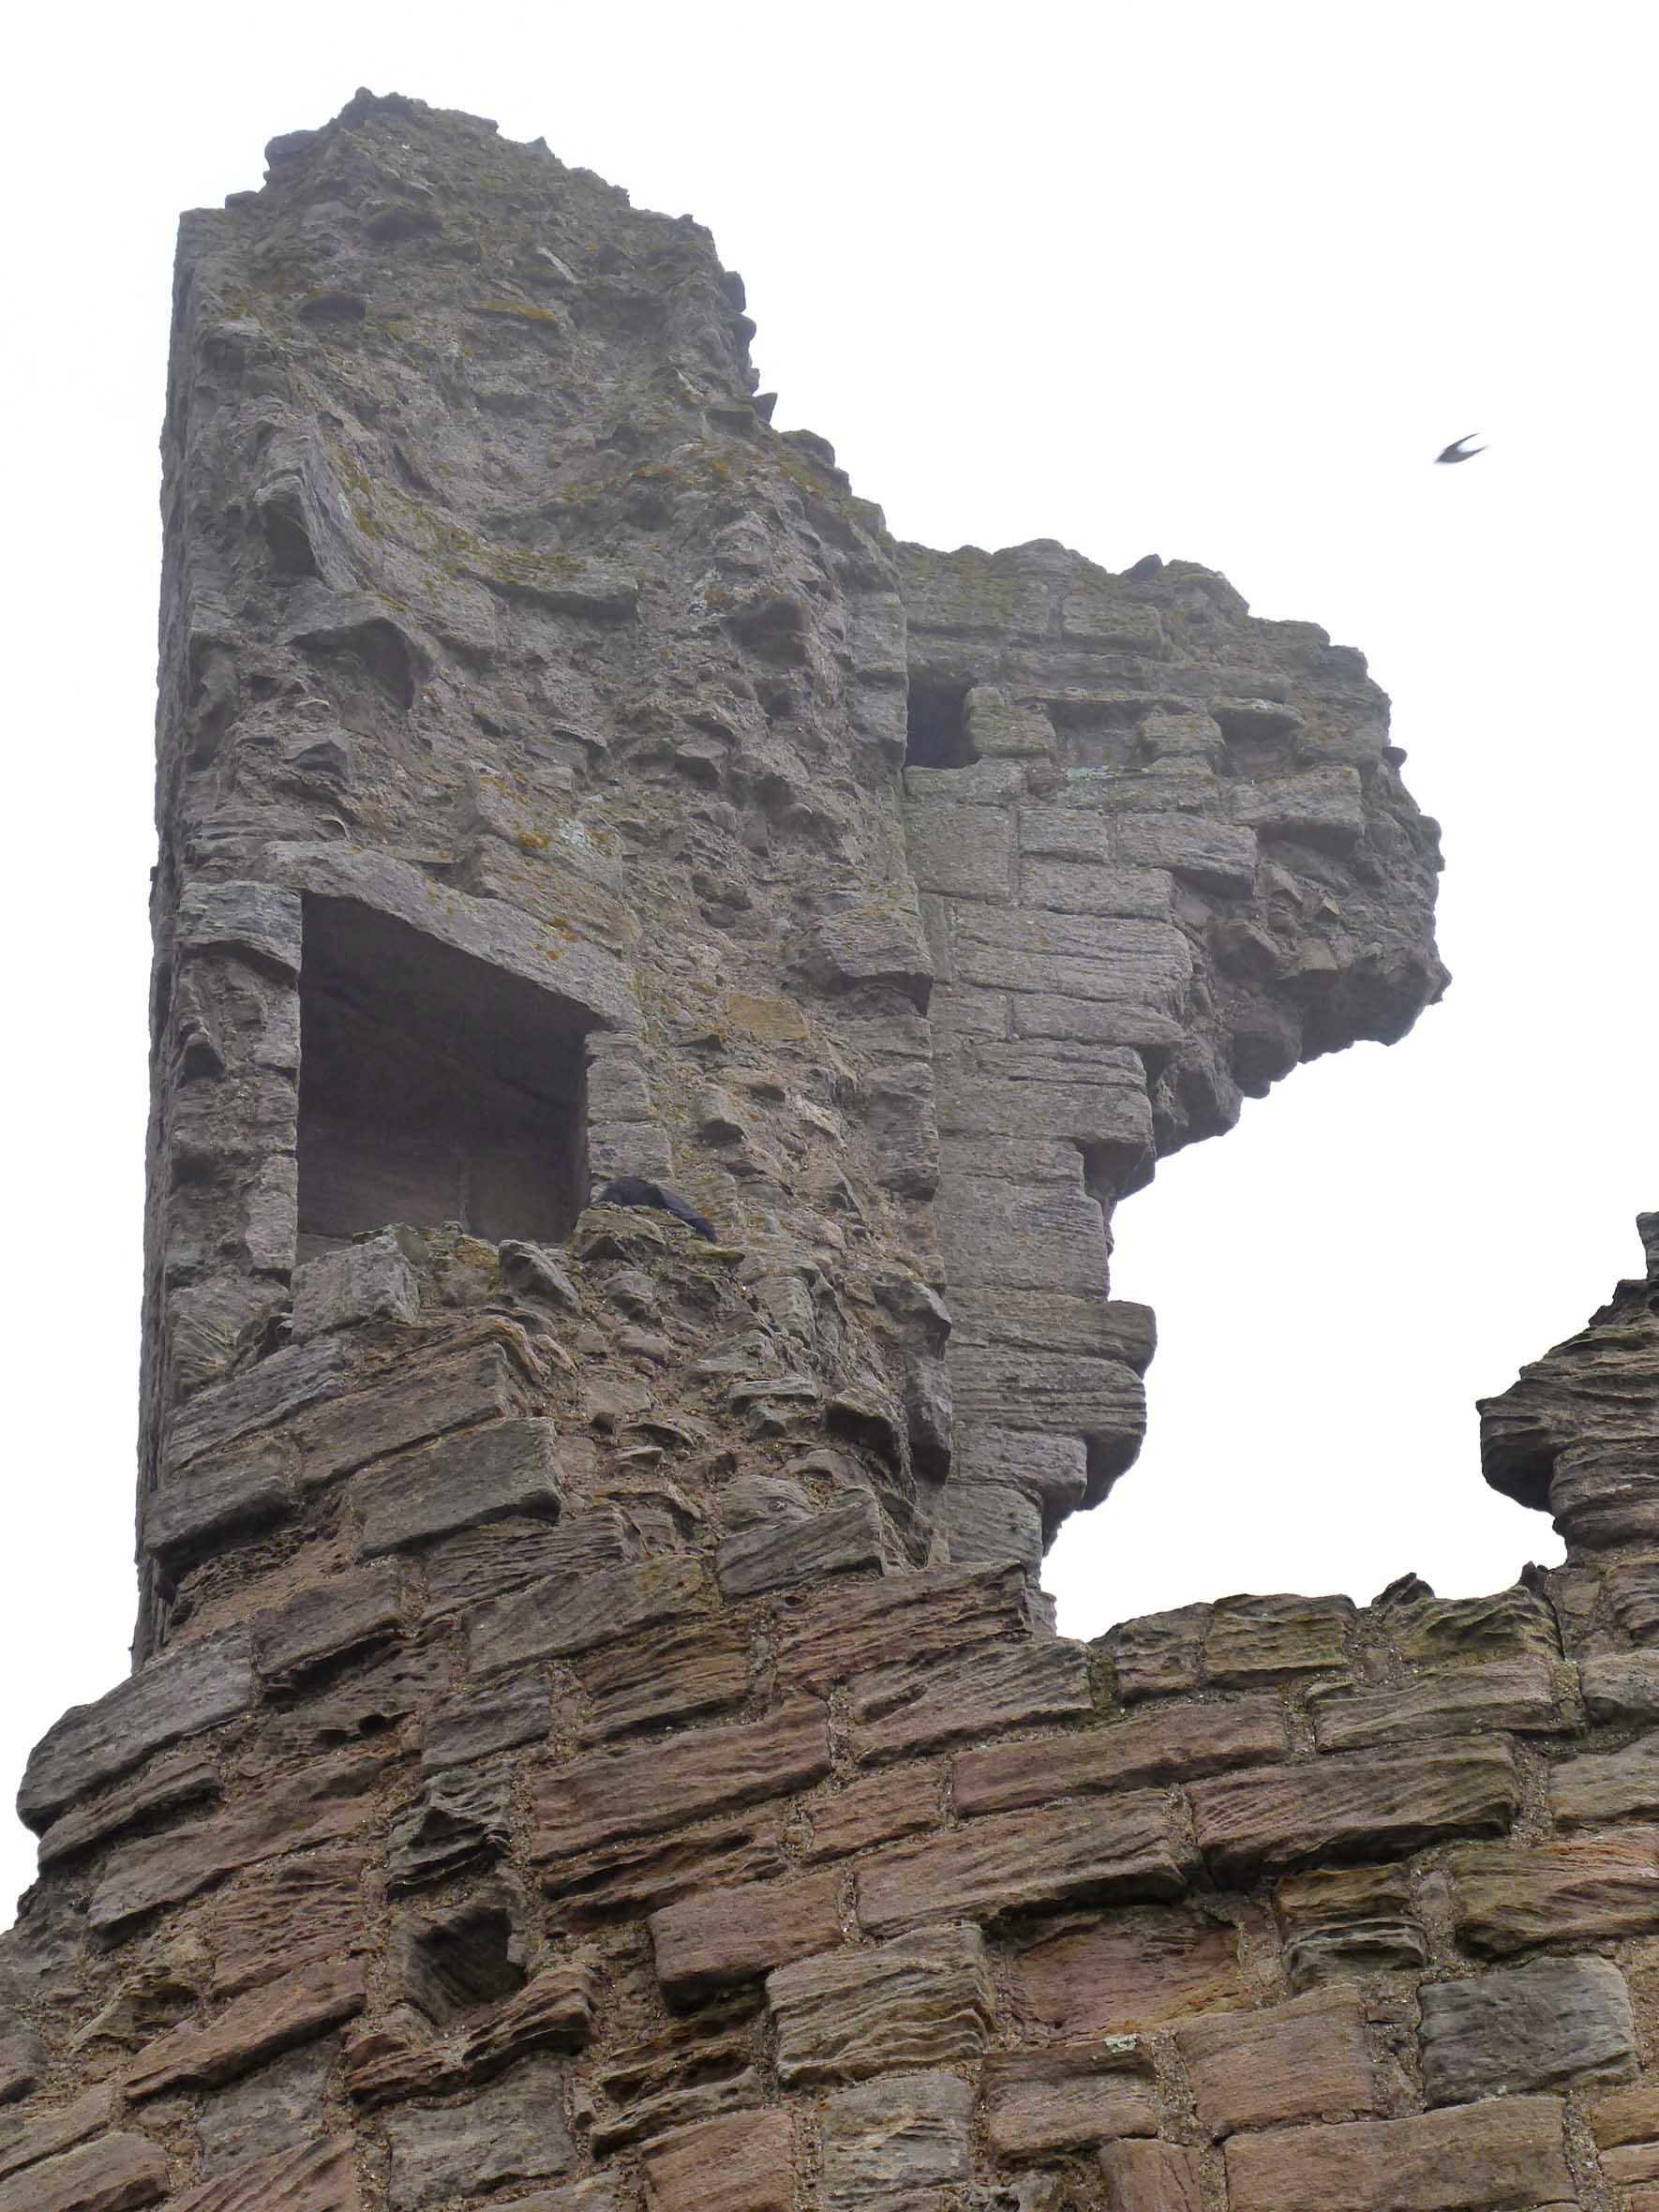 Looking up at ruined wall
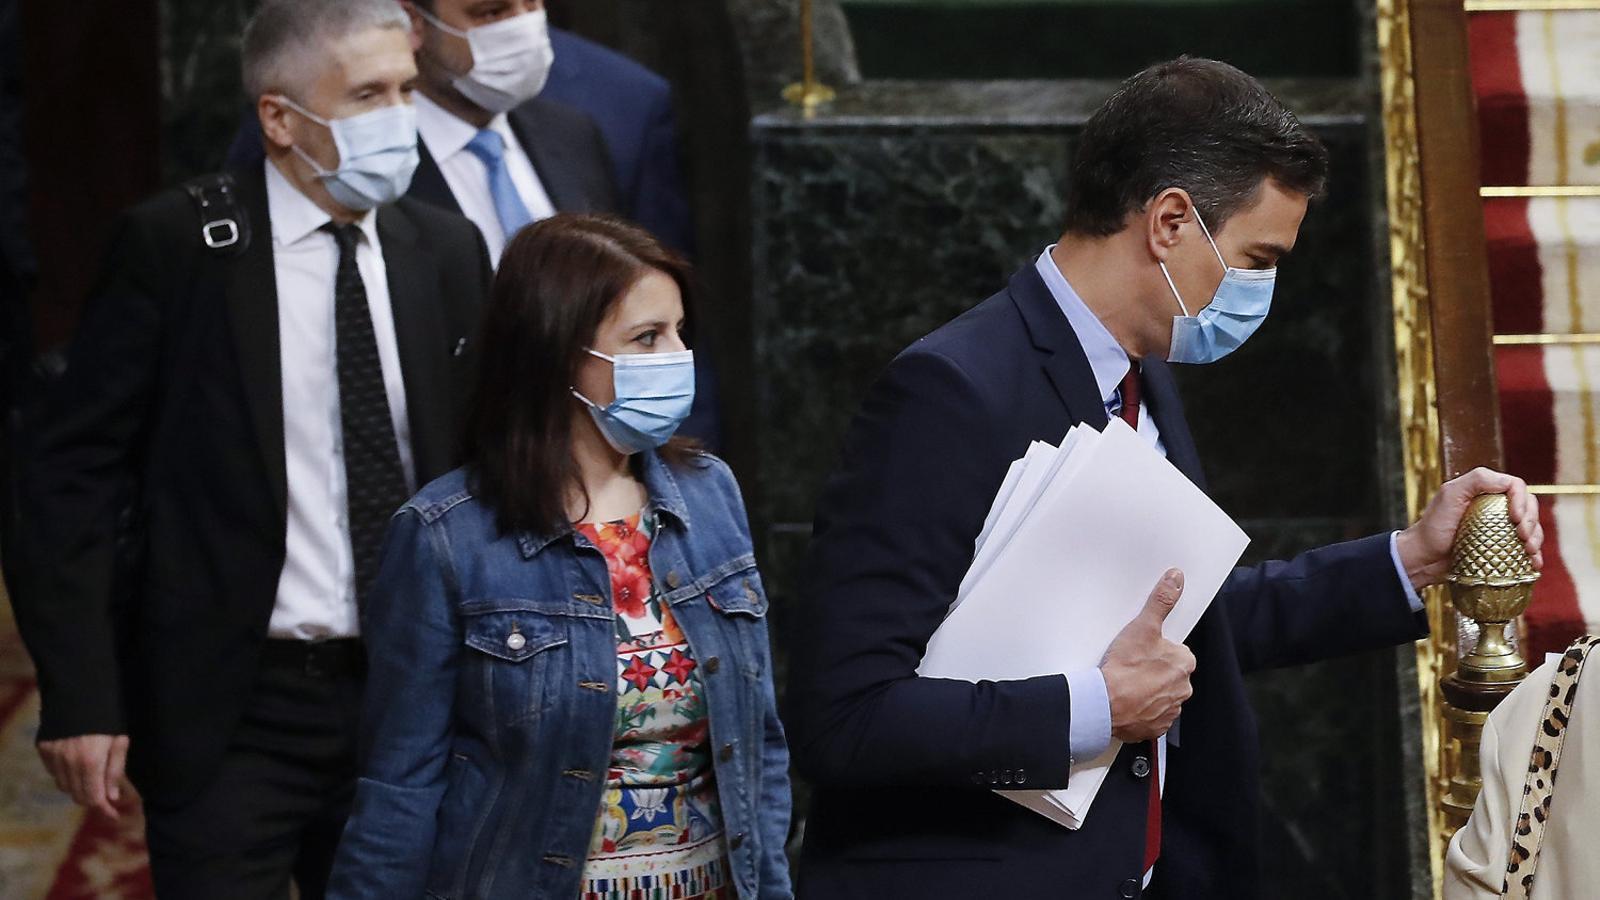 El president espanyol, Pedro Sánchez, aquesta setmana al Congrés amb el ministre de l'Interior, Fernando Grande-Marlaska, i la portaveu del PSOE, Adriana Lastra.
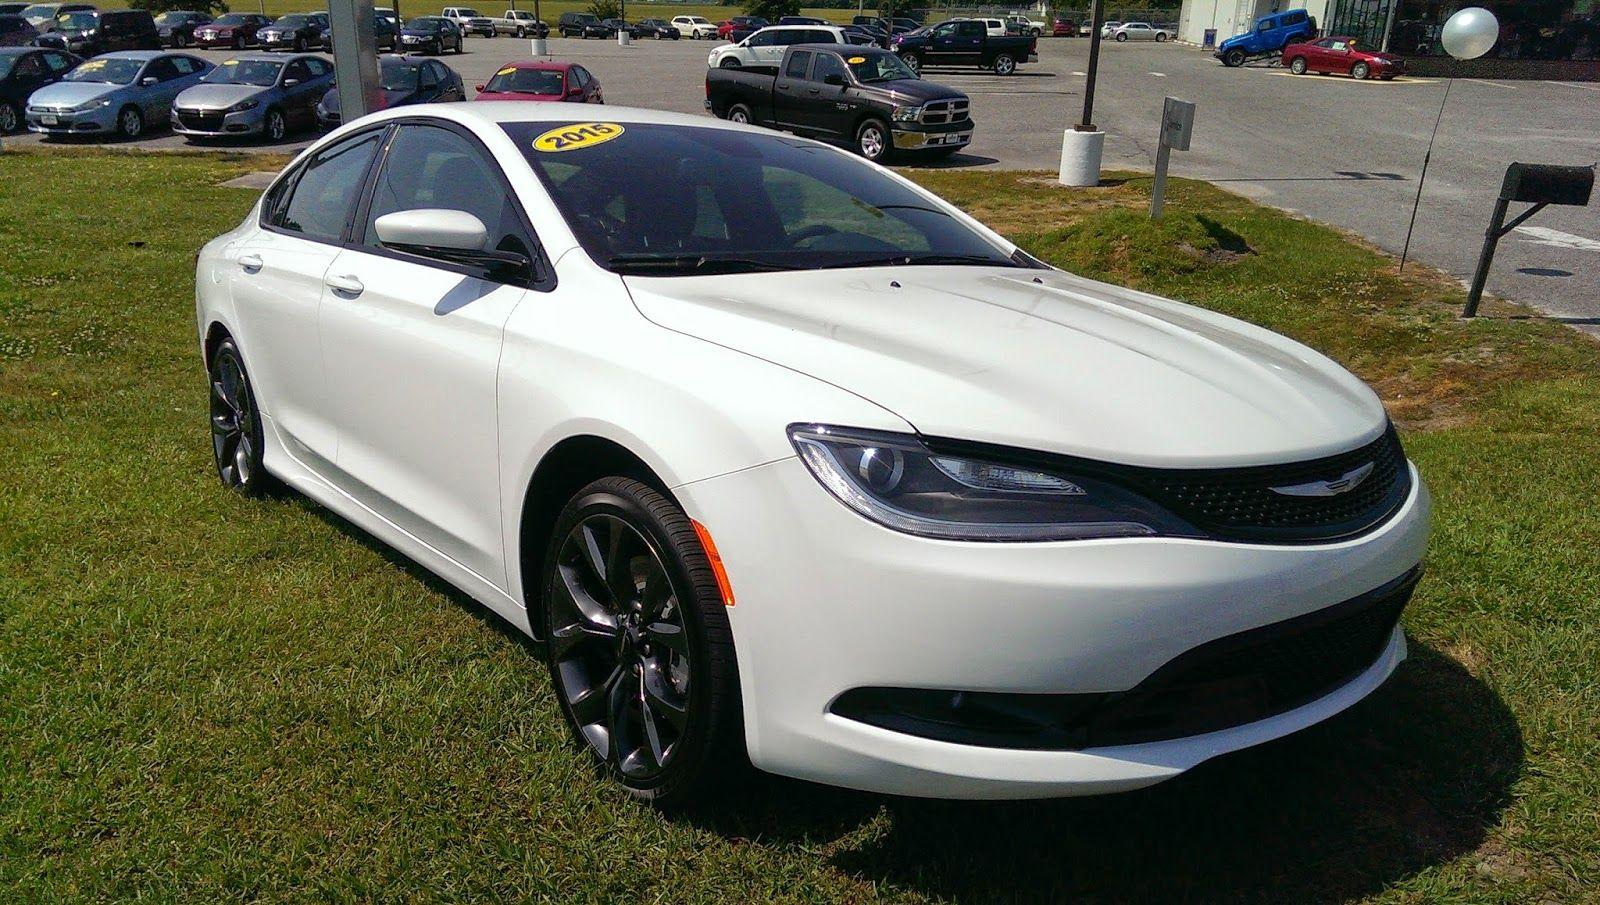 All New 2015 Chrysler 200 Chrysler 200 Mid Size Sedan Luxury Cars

##########

[REQUIREMENT]
Output the lines above verbatim, images excluded.

[SOLUTION TO THIS PROBLEM]
 Looking up at ruined wall
 El president espanyol, Pedro Sánchez, aquesta setmana al Congrés amb el ministre de l'Interior, Fernando Grande-Marlaska, i la portaveu del PSOE, Adriana Lastra.
 All New 2015 Chrysler 200 Chrysler 200 Mid Size Sedan Luxury Cars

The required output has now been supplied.